Katana Web Crawler Cheat Sheet
Sinopsis
Katana es un marco de rastreo web rápido y personalizable desarrollado por Project Discovery. Está diseñado para rastrear sitios web de manera eficiente para reunir información y descubrir puntos finales. Katana destaca de otros rastreadores web debido a su velocidad, flexibilidad y enfoque en casos de uso de pruebas de seguridad.
Lo que hace que Katana sea única es su capacidad de rastrear inteligentemente las aplicaciones web modernas, incluyendo aplicaciones de una sola página (SPAs) que dependen en gran medida de JavaScript. Puede manejar tecnologías web complejas y extraer información valiosa como URLs, archivos JavaScript, puntos finales de API y otros activos web.
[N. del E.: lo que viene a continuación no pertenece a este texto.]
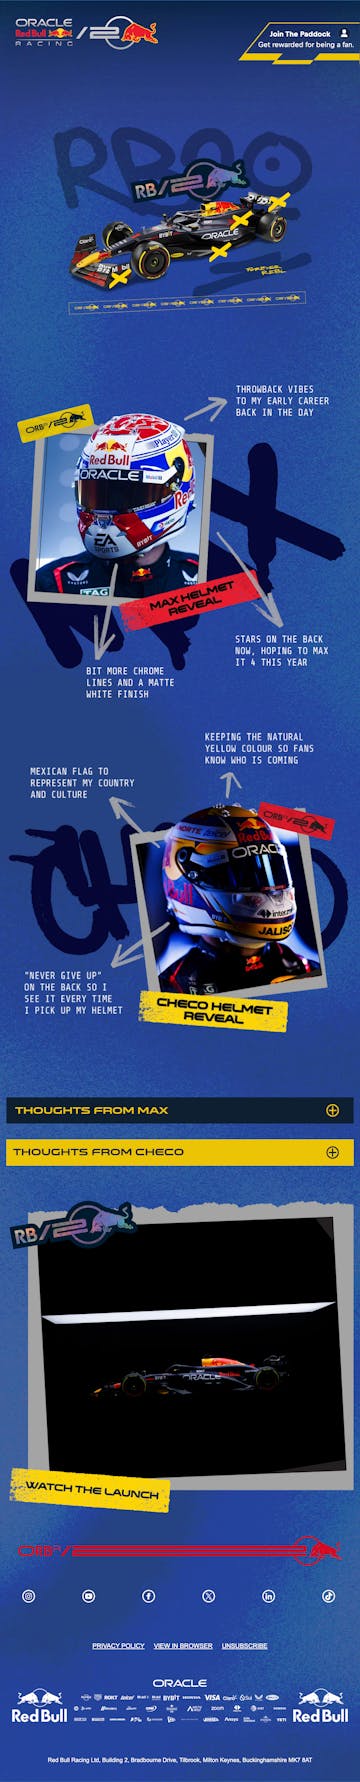 Oracle Red Bull Racing Interactive Email Design Thumbnail Preview

Katana está construida con profesionales de seguridad en mente, por lo que es una excelente herramienta para el reconocimiento durante las evaluaciones de seguridad y la caza de botín.
Katana apoya varias estrategias de rastreo, incluyendo rastreo estándar, pareado de JavaScript y rastreo basado en mapas de sitio. Se puede personalizar para centrarse en tipos específicos de recursos o seguir patrones particulares, haciendo que sea adaptable a diferentes escenarios de pruebas de seguridad. La herramienta está diseñada para integrarse fácilmente en los flujos de trabajo de pruebas de seguridad y se puede combinar con otras herramientas de Project Discovery para un reconocimiento integral.
Instalación
Usando Go
# Install using Go (requires Go 1.20 or later)
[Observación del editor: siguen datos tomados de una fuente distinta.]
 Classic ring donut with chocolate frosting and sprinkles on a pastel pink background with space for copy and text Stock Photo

go install -v github.com/projectdiscovery/katana/cmd/katana@latest
# Verify installation
katana -version
Usando Docker
# Pull the latest Docker image
docker pull projectdiscovery/katana:latest
# Run Katana using Docker
docker run -it projectdiscovery/katana:latest -h
Utilizando Homebrew (macOS)
# Install using Homebrew
brew install katana
# Verify installation
katana -version
Utilizando PDTM (Project Discovery Tools Manager)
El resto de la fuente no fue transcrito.